We have already considered this unique outcome derivation from sides notes in "Ordered set with replacement and repetition allowed" category above. As the number of slots (trials) to be filled are 2 and these slots can be arranged in 2! as per our first section on general ordering of n items, we need to divide the Ordered set outcomes without repetition by 2! to get Unordered set outcomes (all unique with no repetition) . For n trials wherein each trial can be visualized as a slot which should be filled with an object or a ball to be picked up, the division happens by n!

Number of possible outcomes =N!/(N-n)!/n!=N!/n!(N-n)!

This also means that there are N!/n!(N-n)! ways to pickup n objects from N total objects to have unordered (unique) set outcomes with no repetitions.

Probability:

Probability states the chance or "how likely?" a desired outcome can happen out of all possible outcomes of an event. The event in context can be something as trivial as tossing coins, rolling a die, picking up a playing card from a deck and so on. Probability concepts are expanded into more intricate concepts which are vital to Machine Learning.

Probability of a desired outcome = (total number of possible desired outcomes of an event)/(total number of all possible outcomes of an event)

Yes, it is expressed as a fraction. Take a coin for instance. There are two possible outcomes. "Heads" & "Tails". Let us pick "Heads" as our desired outcome. Then by formula, Probability (P) of Heads can be given as:

P(Heads) = 1/2

There can be only one Head in a single coin toss. Same goes for Tails.

P(Tails) = 1/2

Let us take another example. A dice has 6 upward facing sides, each with distinct number of dots. When dots are counted, these faces can be called as {1,2,3,4,5,6} outcomes. Total possible outcomes as "6".

Here the probability of occurrence of any of these outcomes in a single event "rolling the dice for once" is 1/6. This is because there are no duplicate numbers/faces on the dice. This explanation can be summarized as

P(1) = P(2) = P(3) = P(4) = P(5) = P(6) = 1/6

If we combine probability of each of possible outcomes, we get "1".

P(1)+P(2)+P(3)+P(4)+P(5)+P(6) = 1/6+1/6+1/6+1/6+1/6+1/6=1

"1" denotes the completeness that accounts the occurrence of all possible outcomes. We can think that each of possible outcome owns a probability slice in this large pizza, denoted as "1".

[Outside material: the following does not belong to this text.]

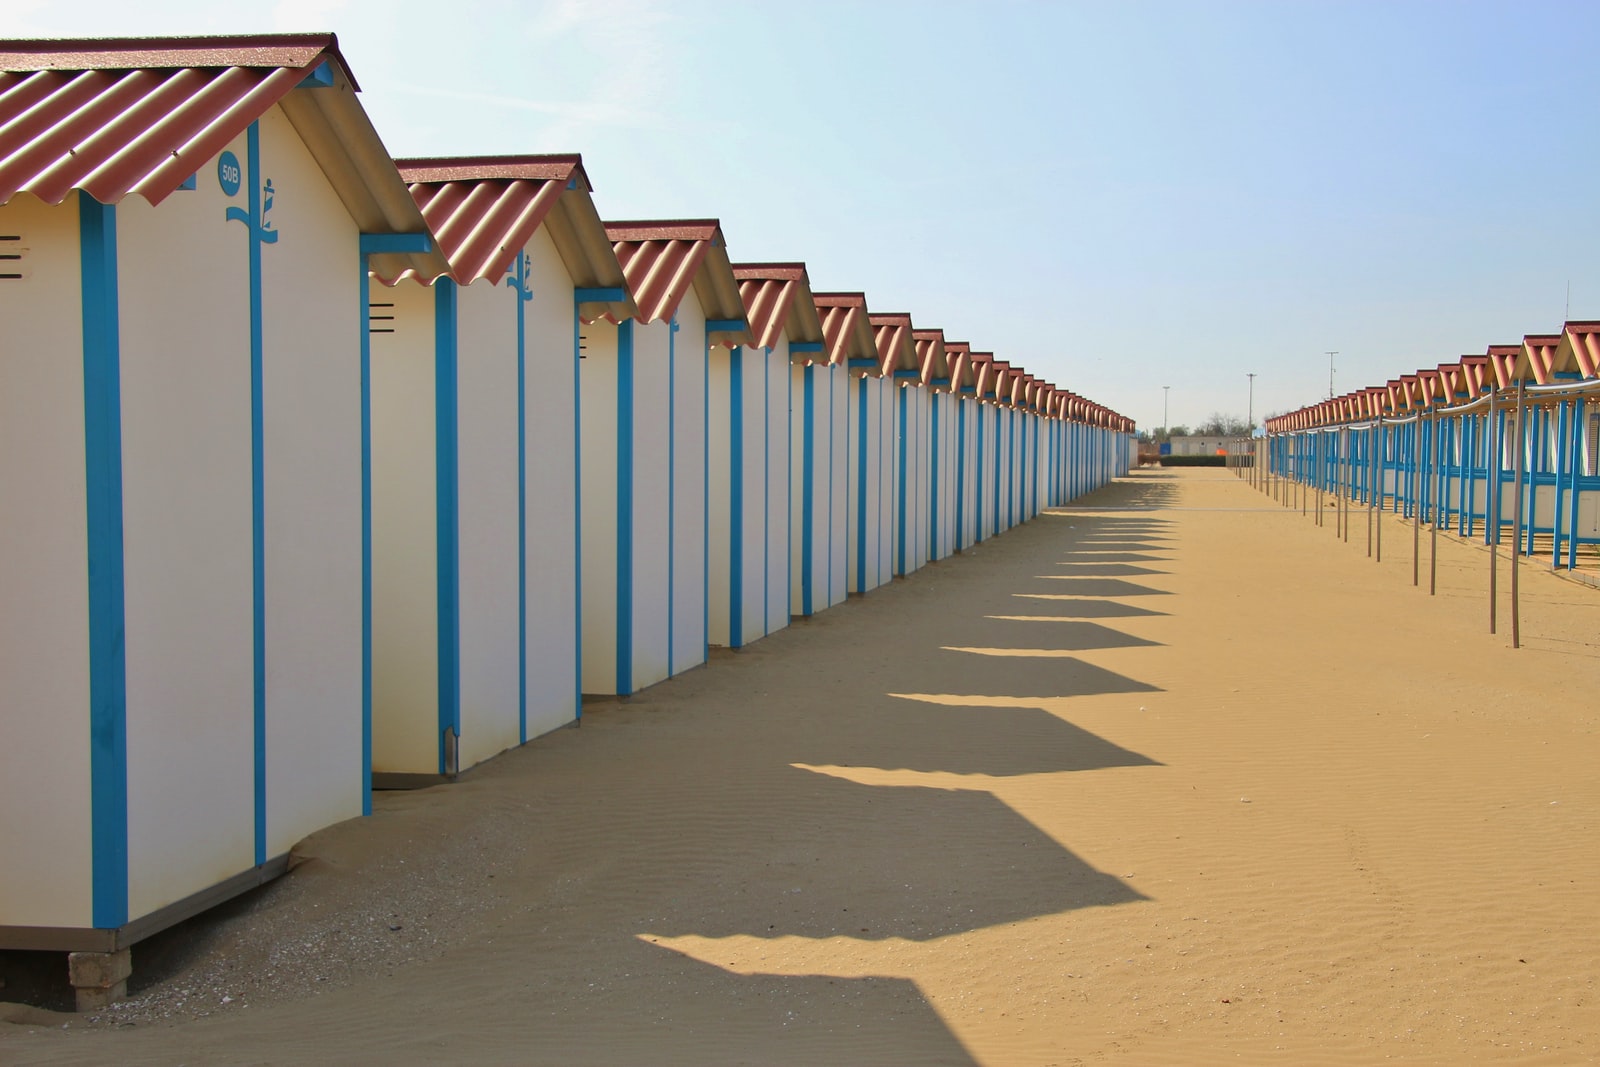 Closed beach huts on the famous Lido beach in Venice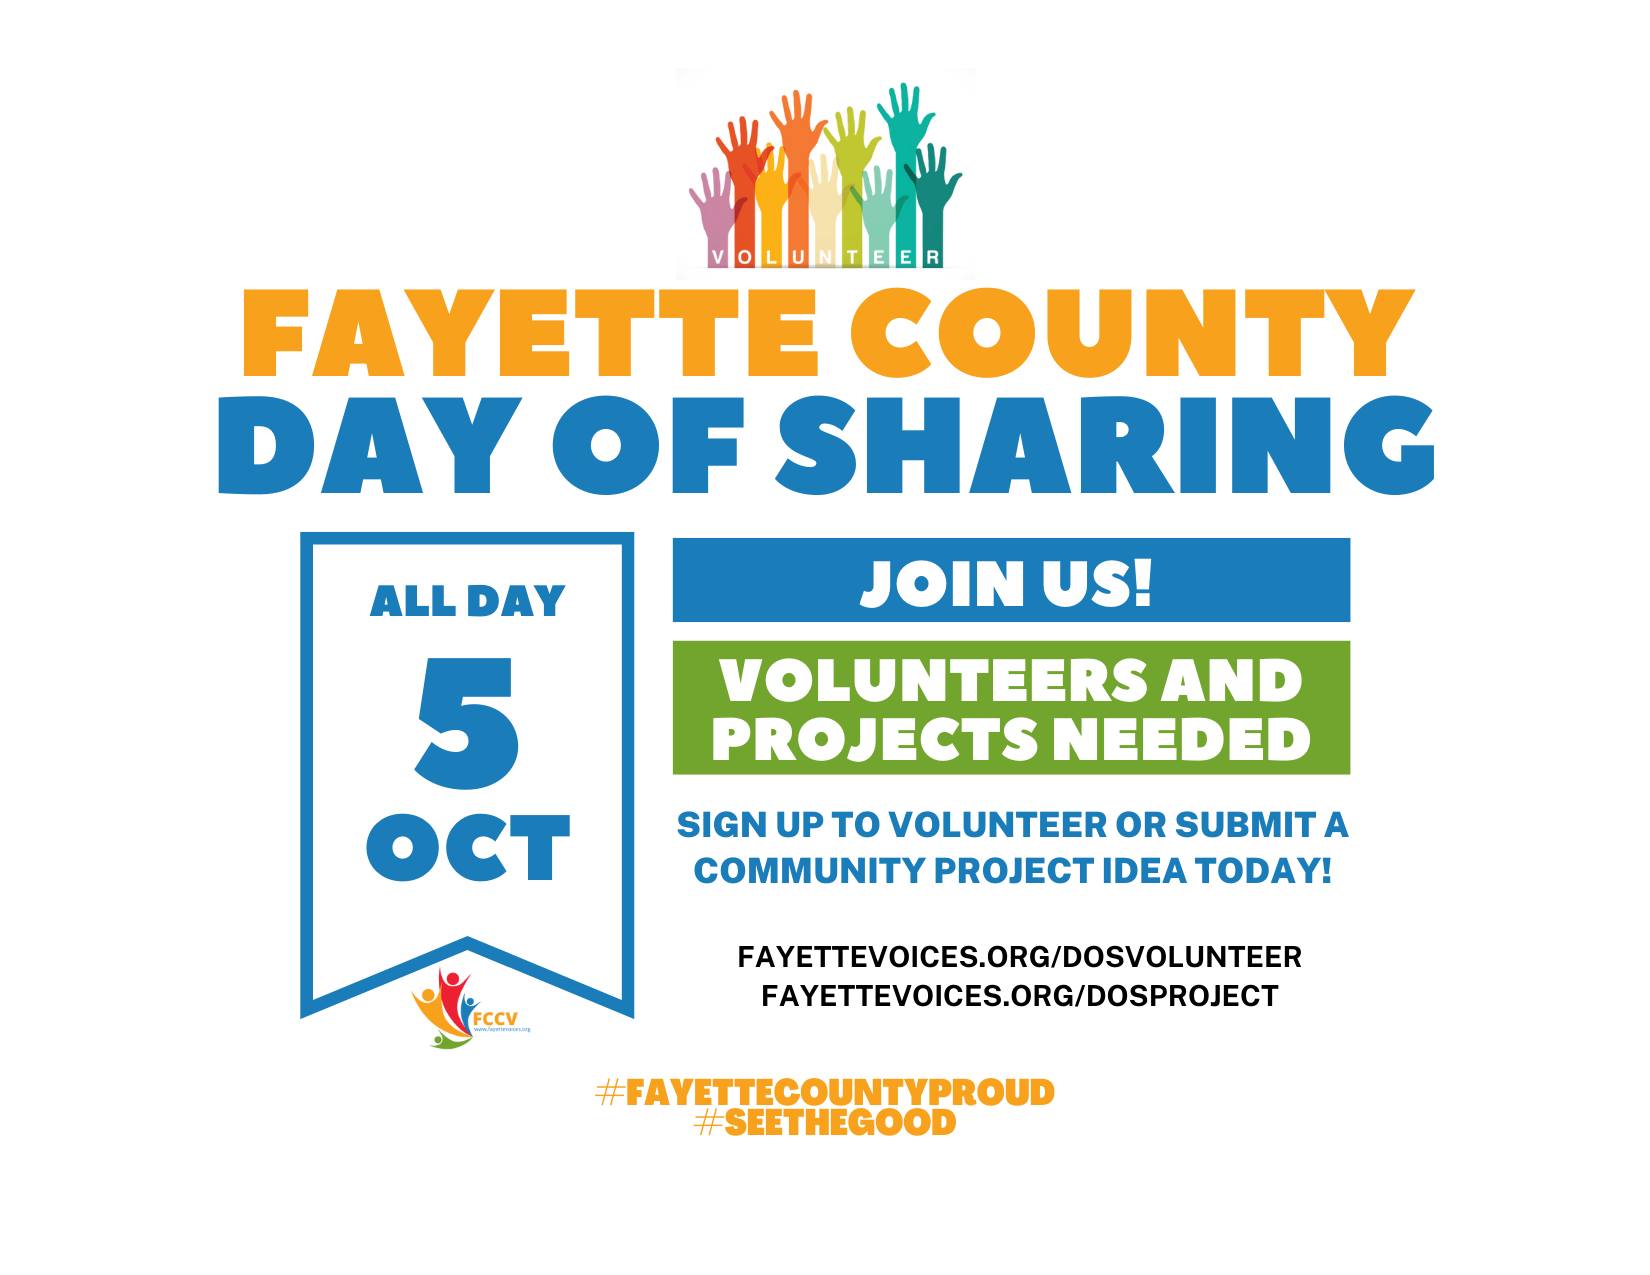 Fayette County Day of Sharing

Apply the same to a "Single toss of a coin" event. We get:

P(Heads)+P(Tails)=1/2+1/2=1

If Heads show up in a coin toss, we say "Heads" outcome occurred & "Tails" outcome didn't occur. The probability of an outcome to NOT occur is derived by subtracting the probability of that outcome from "1", the completeness. This gives the probability of occurrence of this event to NOT produce your interested outcome from the set of all outcomes. Mathematically,

P(NO Tails)=1-P(Tails)

Let us pick the probability of "3" not occurring in an event "Single roll of dice". We get as below:

P(NO 3) = 1-(Probability of outcome "3") = 1-P(3) = 1-(1/6) = 5/6

Literally, it says the chance of "3" NOT occurring is "5 out of 6 TIMES".

Normal Distribution:

Consider an event of flipping a single coin 5 times. Each flip outcome has 2 possible outcomes: a Head or a Tail. So this event can produce a total of 2 to power of 5 = 32 possible outcomes. In order to store the probability of occurrence of desired outcome, we select a variable called "Random Variable (X)".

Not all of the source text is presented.